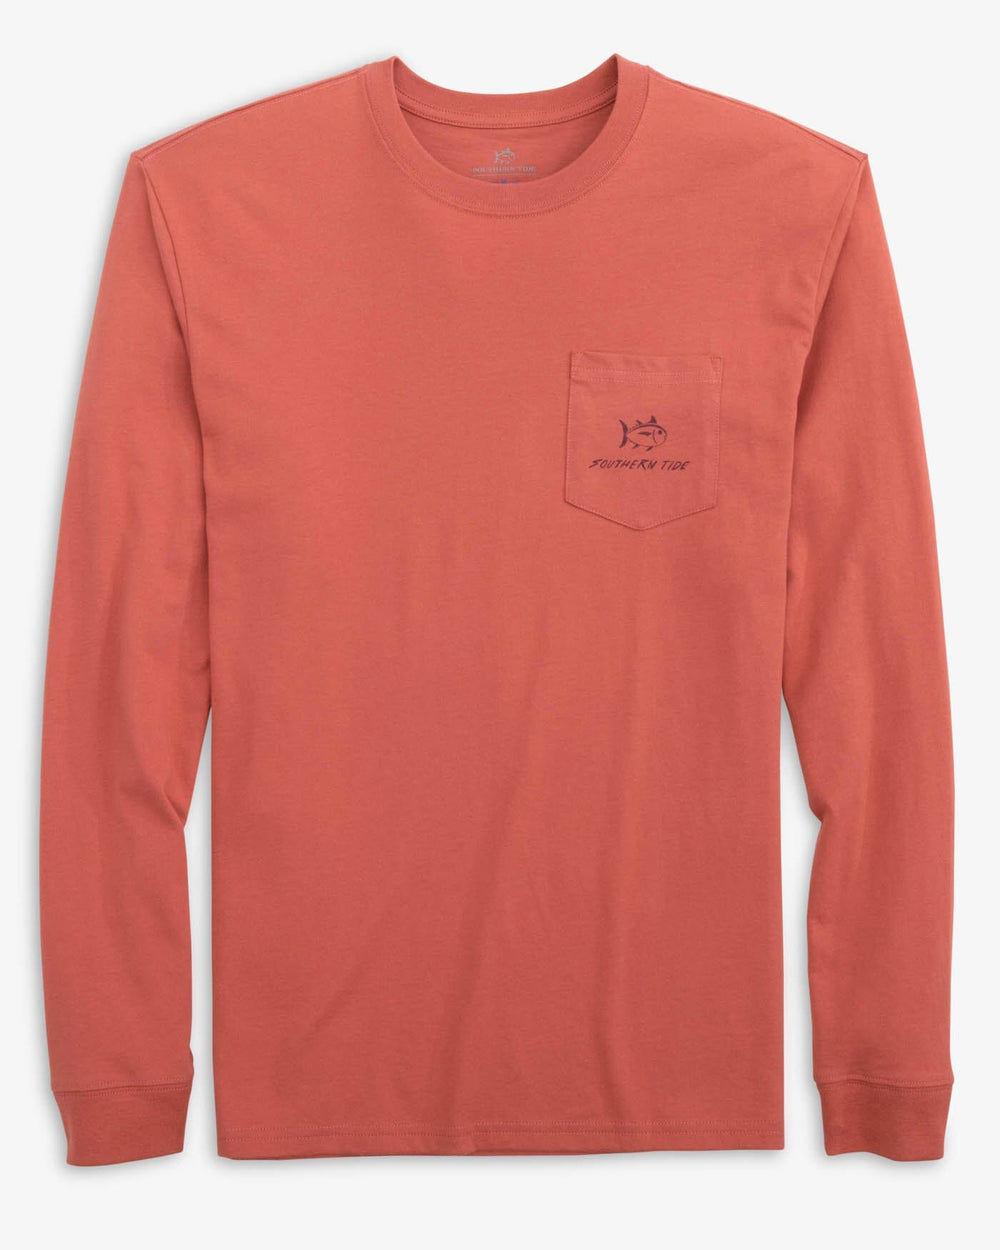 The front view of the Southern Tide Sign To Sail Long Sleeve T-Shirt by Southern Tide - Dusty Coral
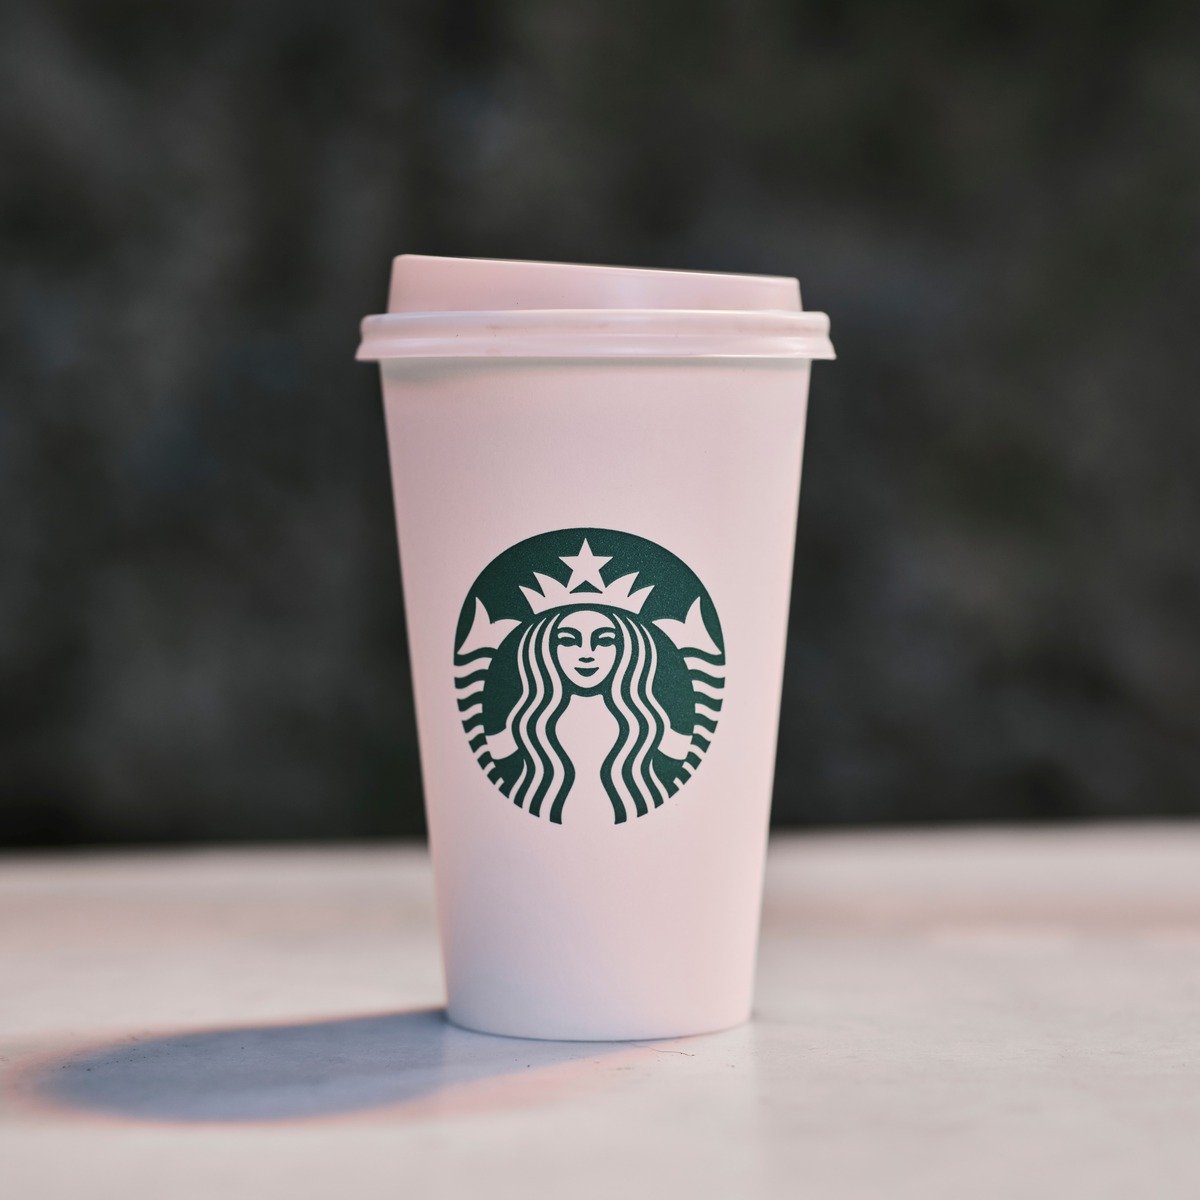 starbucks paper takeaway cup on surface
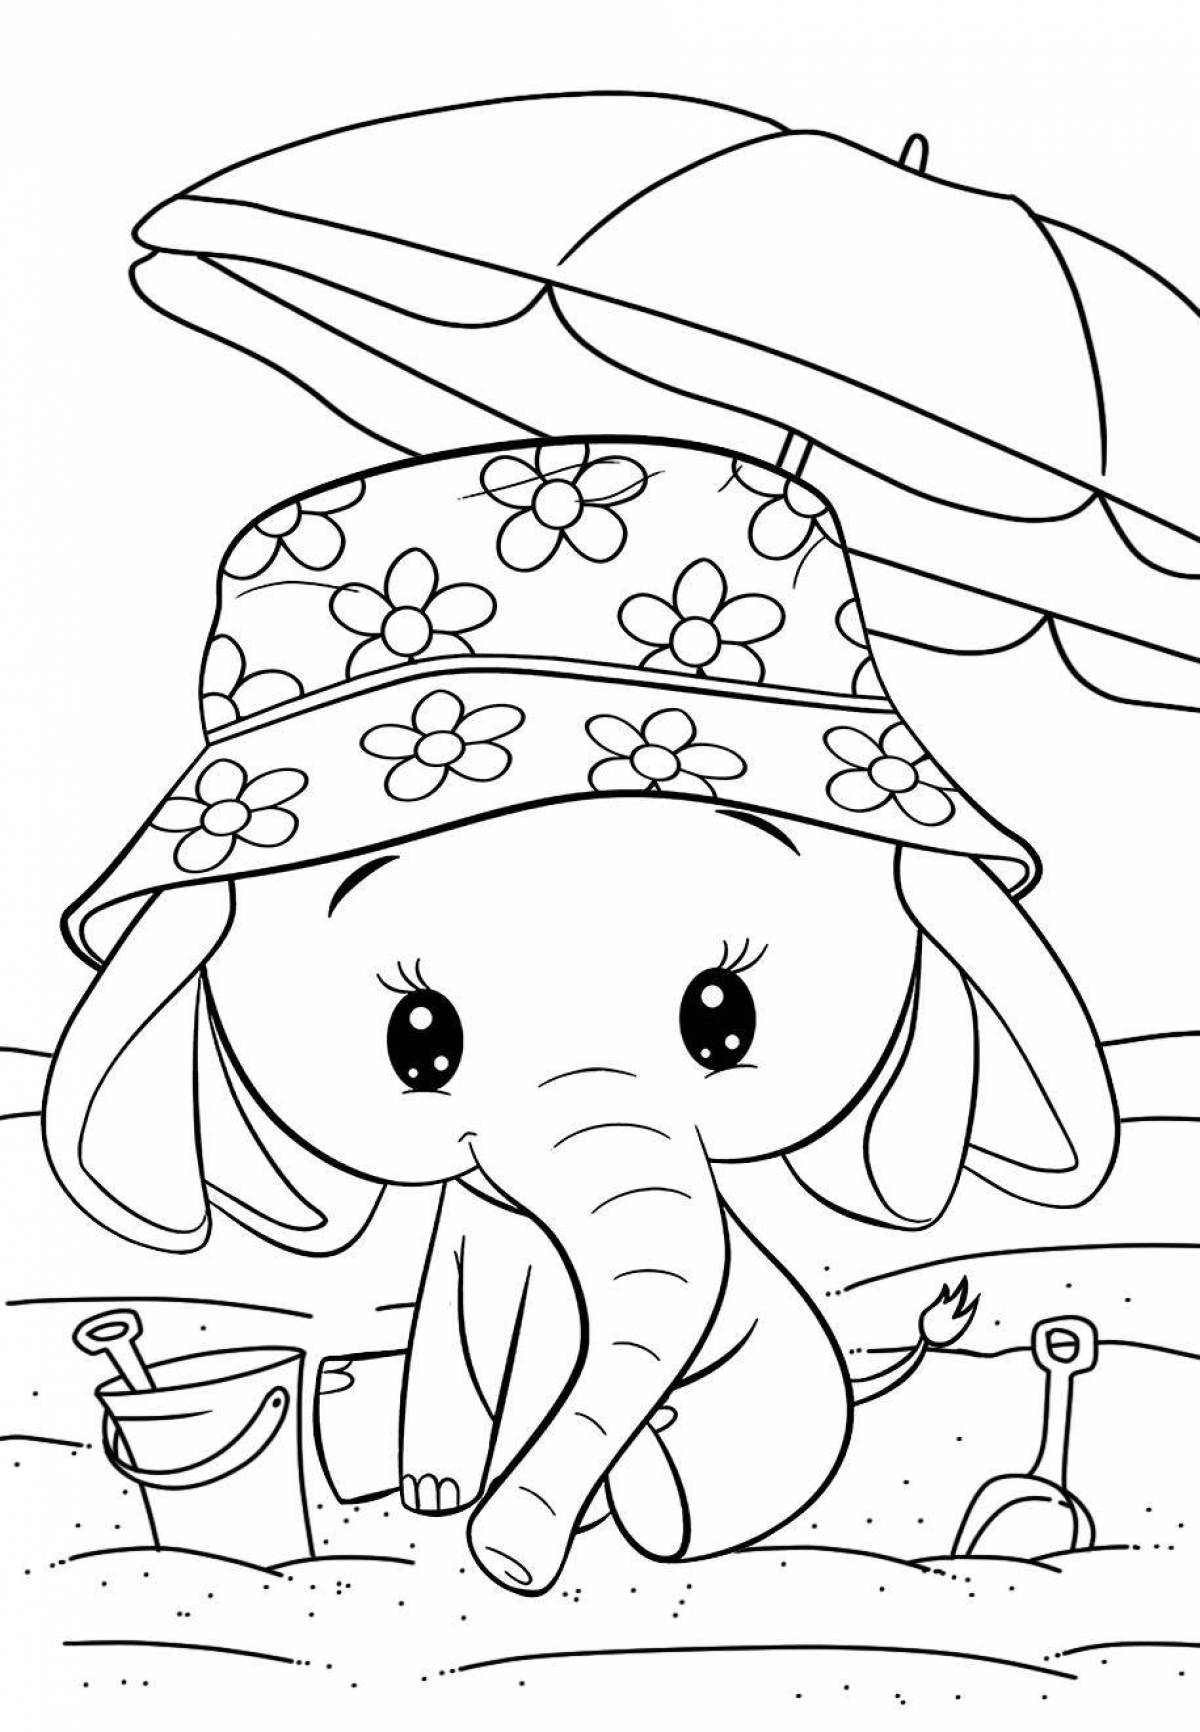 Radiant coloring page слон и девочка

> **TRY IT**
Give back the material above exactly as written, but omit the images.

> **SOLUTION FOR THIS EXERCISE**
 The front view of the Southern Tide Sign To Sail Long Sleeve T-Shirt by Southern Tide - Dusty Coral
 starbucks paper takeaway cup on surface
 Radiant coloring page слон и девочка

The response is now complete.